Your instructions:
Print exactly and only the lines that run from the one containing "Dainty Star Ring" through the end of the material, please, omitting pictures.

Data provided:

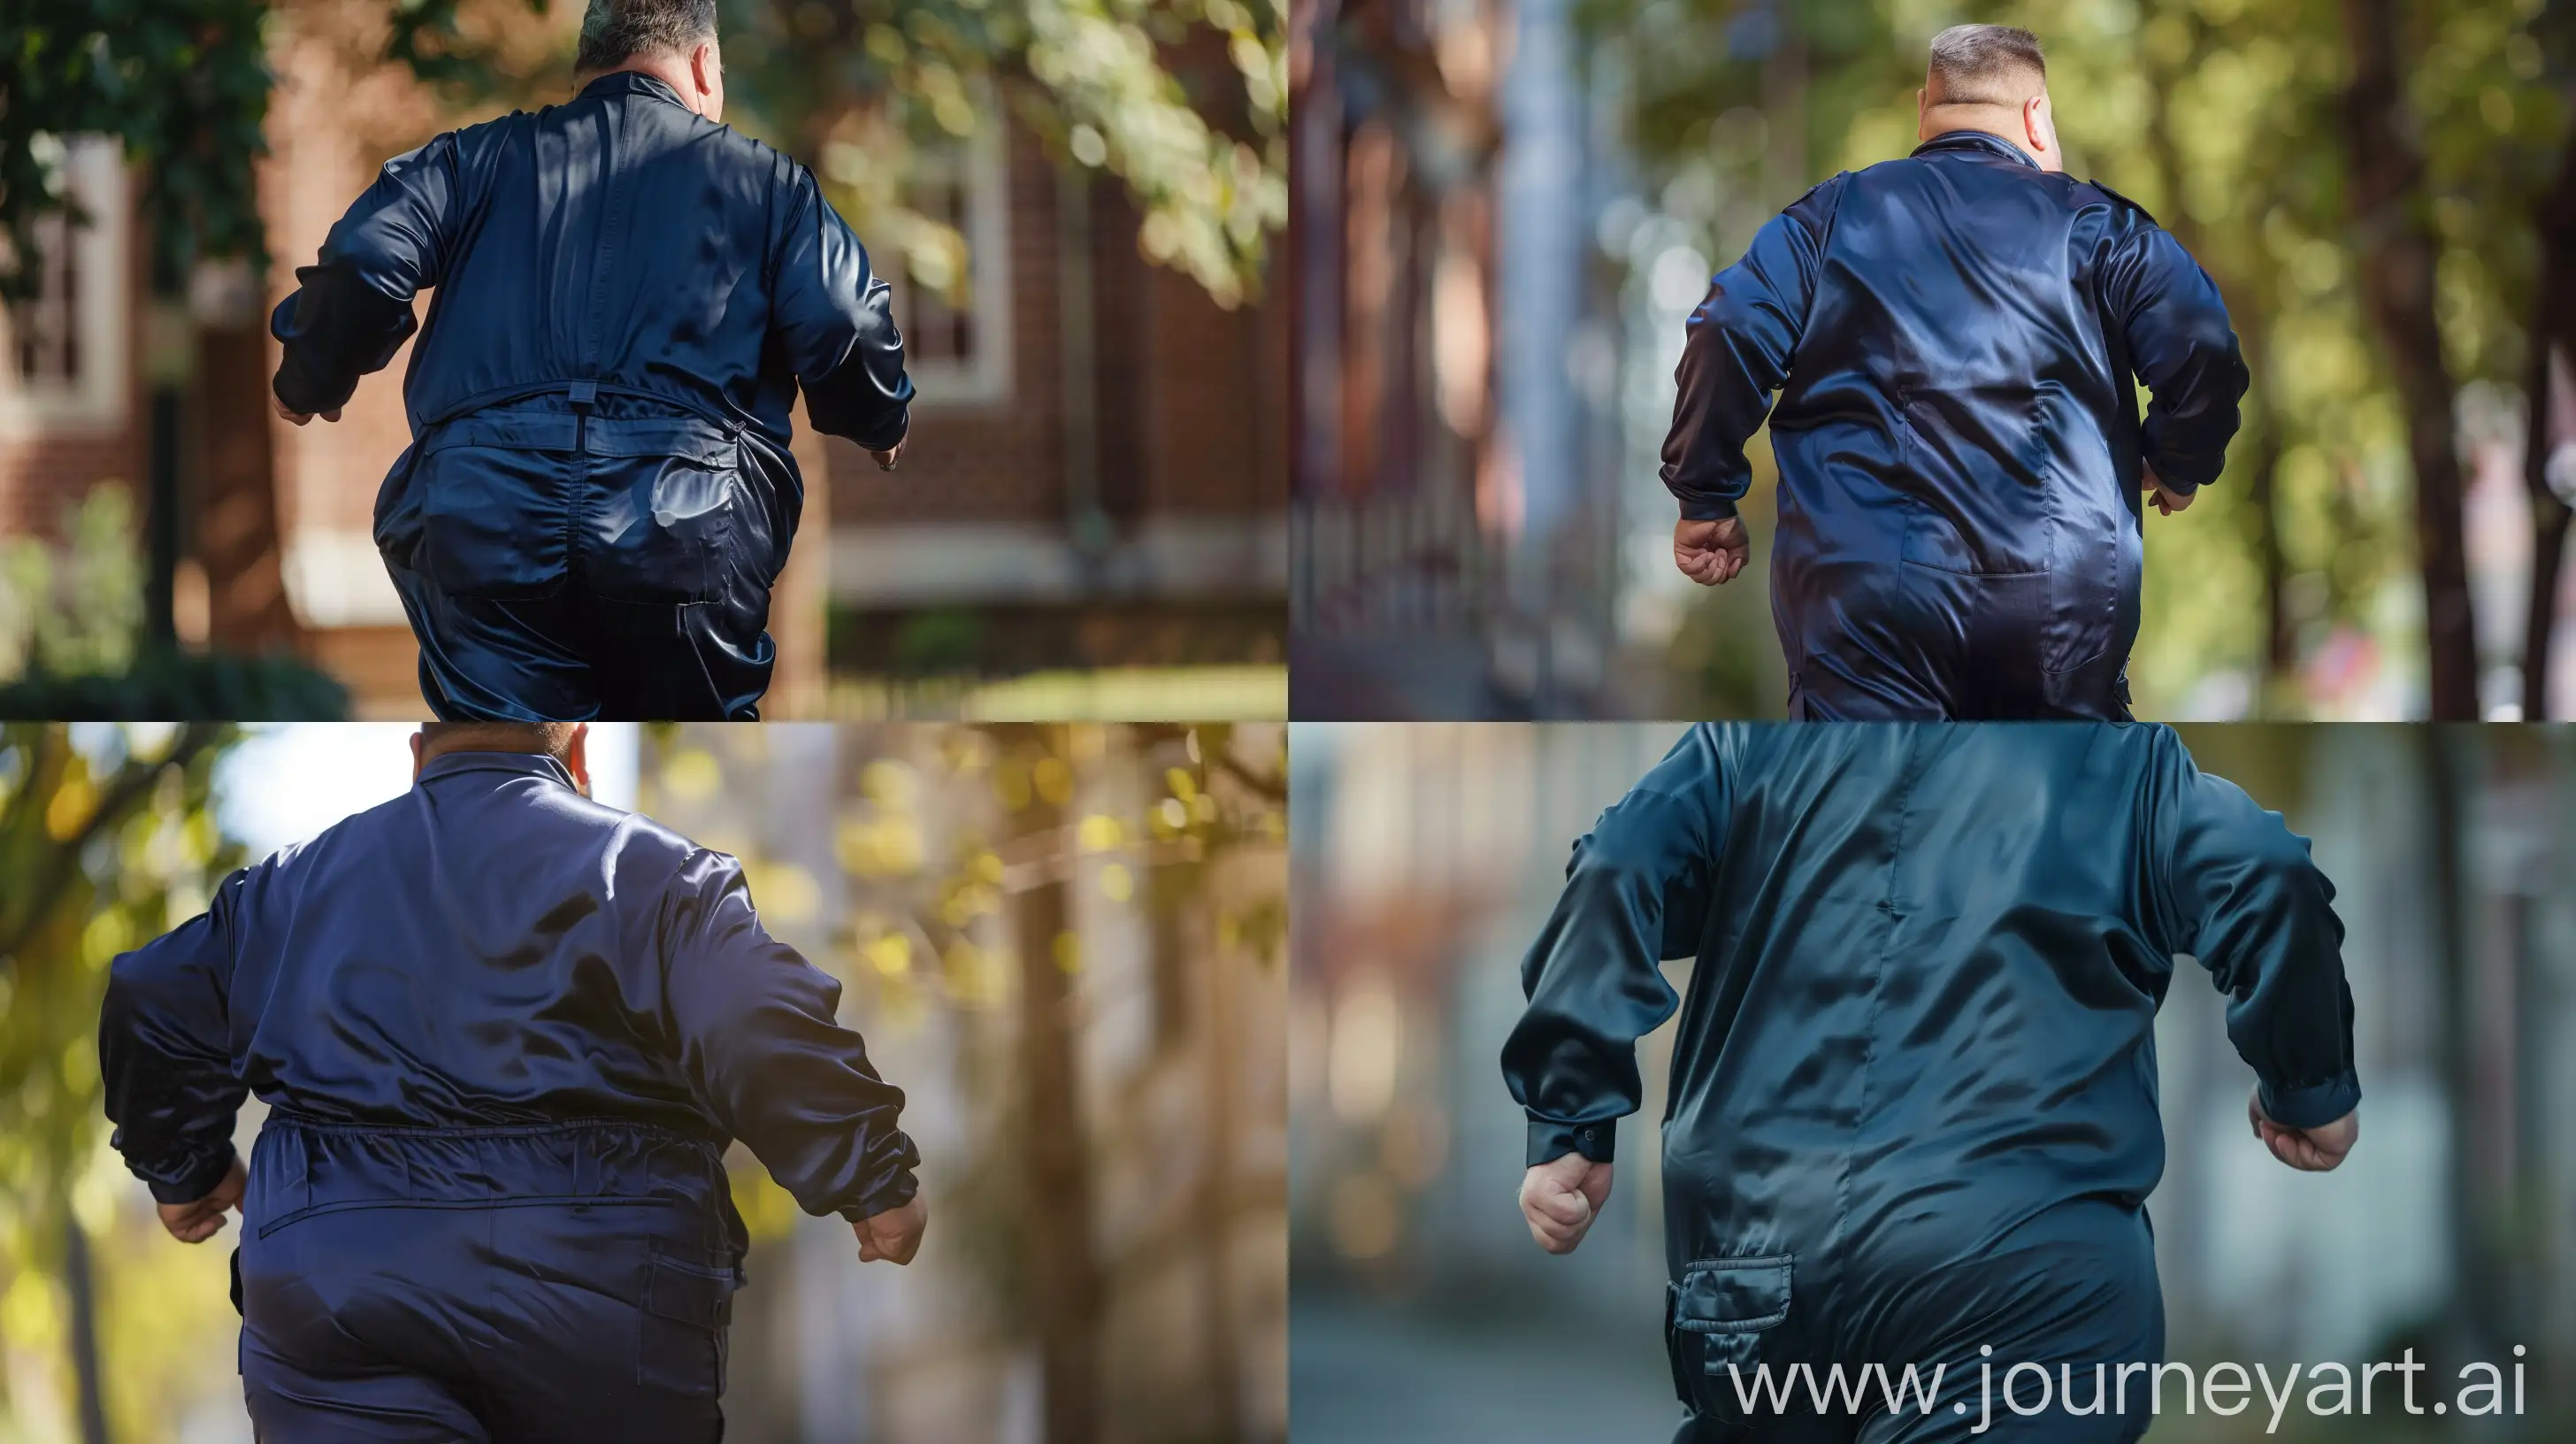 Energetic-60YearOld-Man-in-Stylish-Navy-Blue-Cargo-Coverall-Running
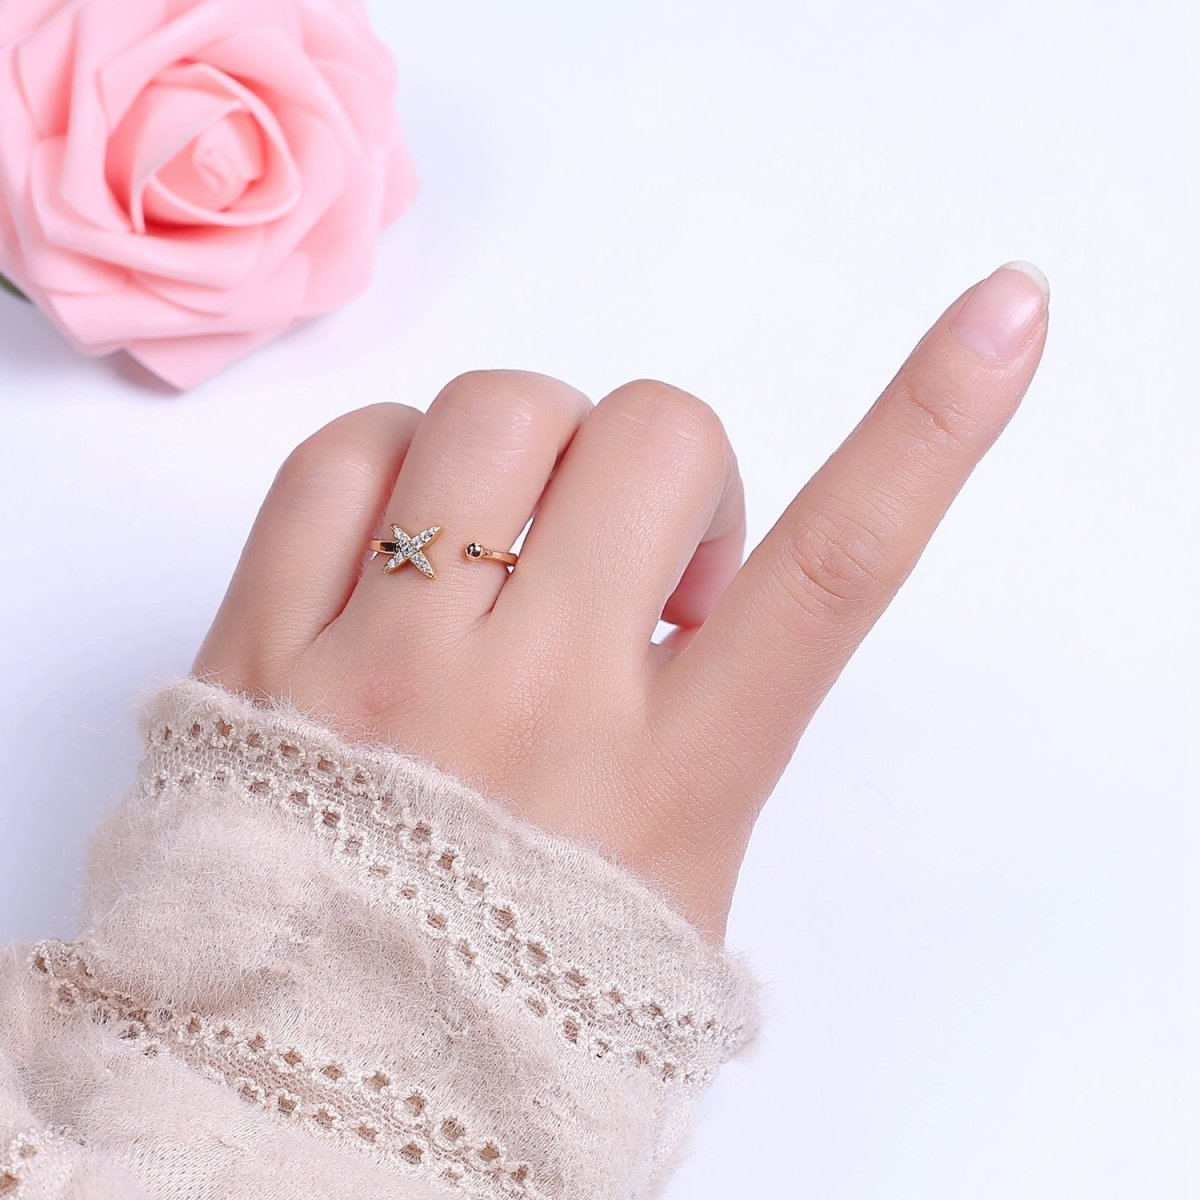 Dainty Star Ring - Minimalist Ring - Celestial Jewelry Stacking Rings Thin Gold Filled Band Ring Open Adjustable Jewelry S-518 - DLUXCA
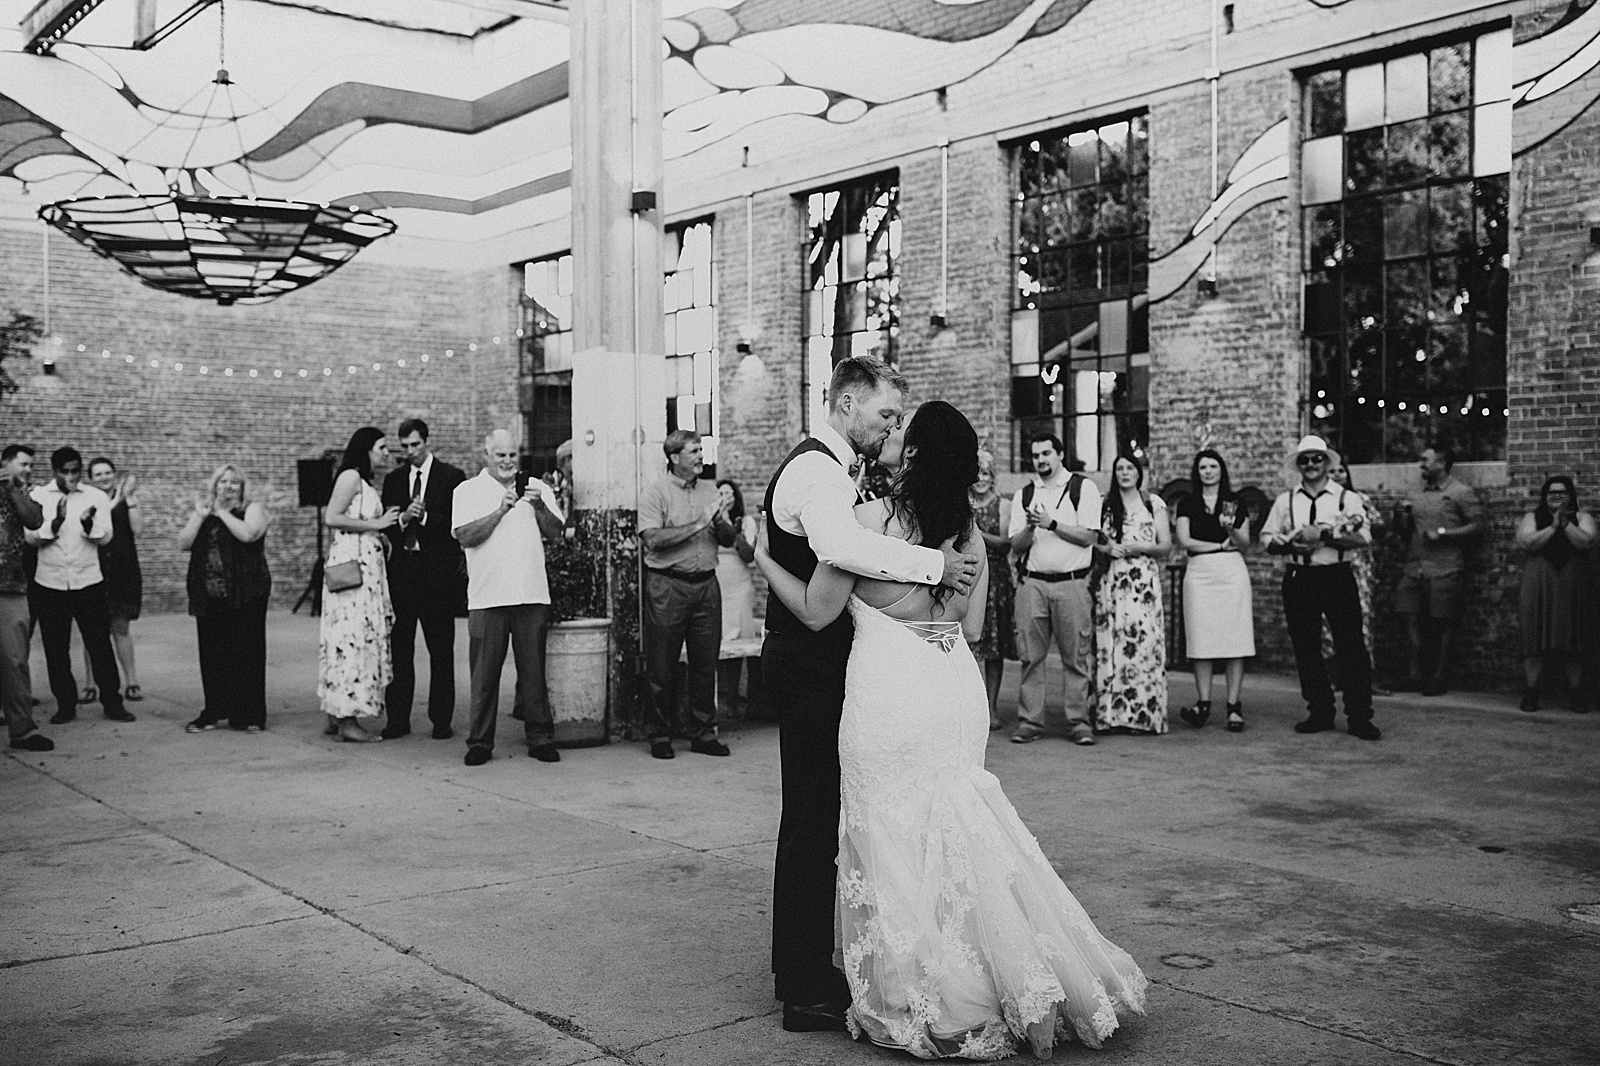 The reception photos at their wedding in the Soda District Courtyard in Abilene.

Your response:
 Dainty Star Ring - Minimalist Ring - Celestial Jewelry Stacking Rings Thin Gold Filled Band Ring Open Adjustable Jewelry S-518 - DLUXCA
 The reception photos at their wedding in the Soda District Courtyard in Abilene.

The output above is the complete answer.